Is It OK to Continue TNF Inhibitors with COVID-19 Infection? Save
Registry level data of patients with immune-mediated inflammatory diseases (IMIDs) diagnosed with COVID-19 should continue their TNF inhibitor (TNFi) therapy as such patients were less likely to experience adverse COVID-19 outcomes (compared to other immunomodulatory treatments).
Patient data was drawn from 3 international COVID-19 registries comprising individuals with rheumatic diseases, inflammatory bowel disease, and psoriasis (March 2020 to February 2021). The cohort included IMID patients diagnosed with COVID-19 and were taking TNF inhibitors in combination with azathioprine/6-mercaptopurine therapy, methotrexate monotherapy, azathioprine/6-mercaptopurine monotherapy, or Janus kinase inhibitor monotherapy. Poor COVID outcomes included COVID-19–associated hospitalization or death.
A total of 6077 IMID patients were analyzed; 59% female, with a mean age of 49 years. The cohort included 35% RA, 25% Crohns disease and 1297 patients (21.3%) were hospitalized, and 189 patients (3.1%) died.

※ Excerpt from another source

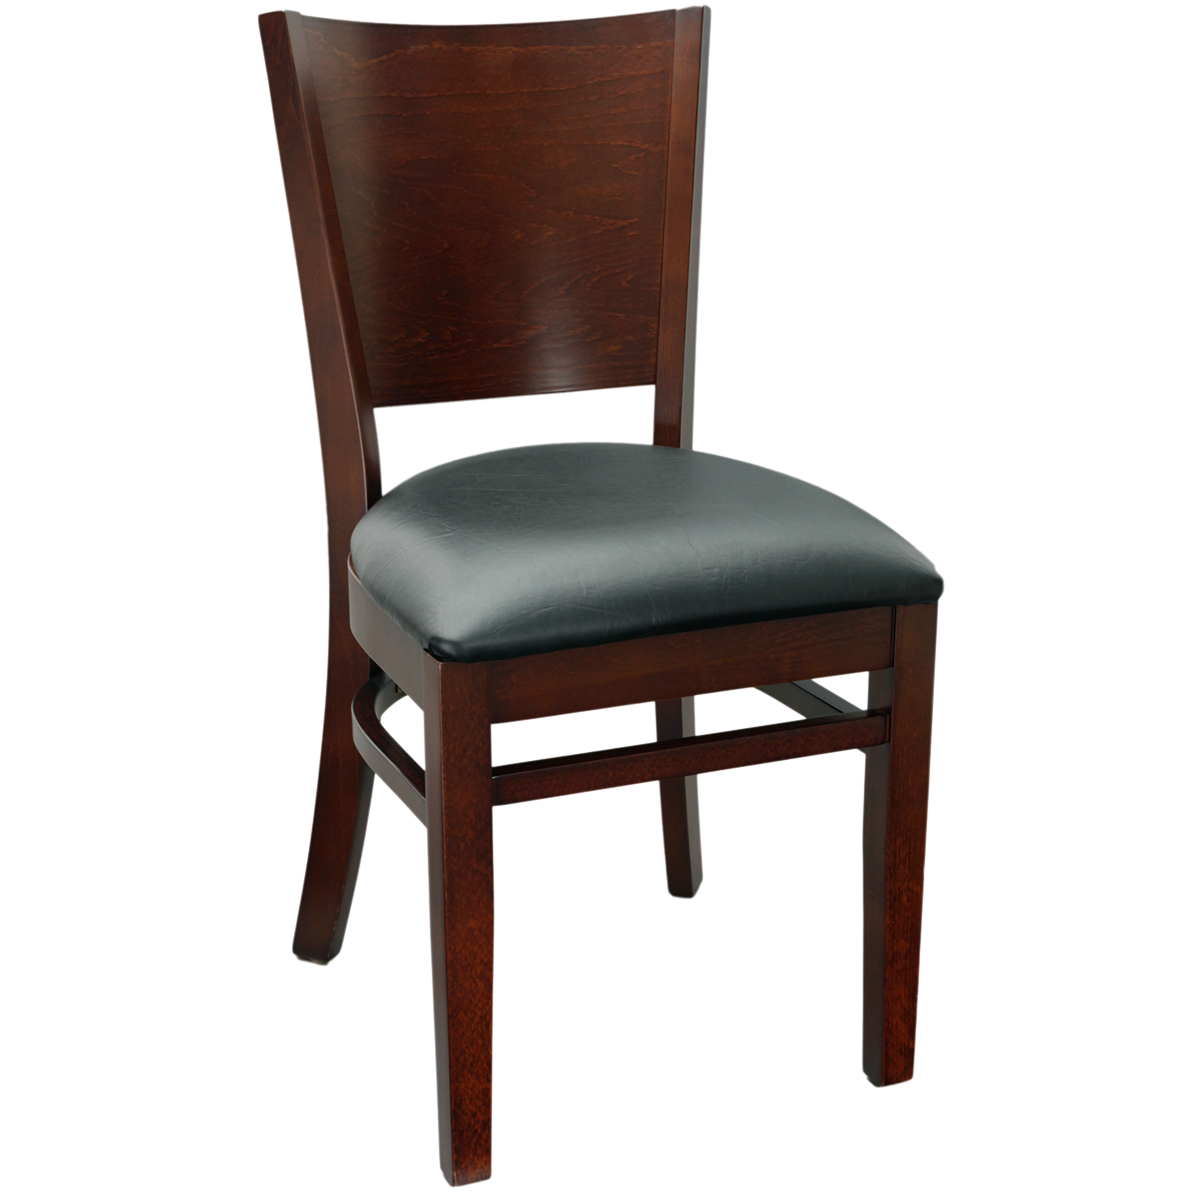 Wood Flared Back Chair

Compared with patients on TNF inhibitor monotherapy hospitalization or death rates were:
- TNF inhibitor with azathioprine/6-mercaptopurine therapy: OR 1.74; (1.17-2.58); P = .006
- Azathioprine/6-mercaptopurine monotherapy: OR 1.84; 95% CI, 1.30-2.61; P = .001
- Methotrexate monotherapy: OR, 2.00; 95% CI, 1.57-2.56; P < .001
- Jak inhibitor monotherapy: OR, 1.82; 95% CI, 1.21-2.73; P = .004
- TNF inhibitor in combination with methotrexate therapy: OR, 1.18; 95% CI, 0.85-1.63; P = .33
TNF inhibitor monotherapy (and TNFi plus MTX) had a lower risk of poor COVID-19 outcomes compared with other commonly prescribed DMARD and immunomodulatory treatment regimens in IMID patients. It appears prudent to continue TNFi therapy with COVID-19 infection. The same cannot be said for JAK inhibitors and thiopruine (AZA/6MP) agents that had a significantly great risk of hospitalization or death in COVID infected IMID patients.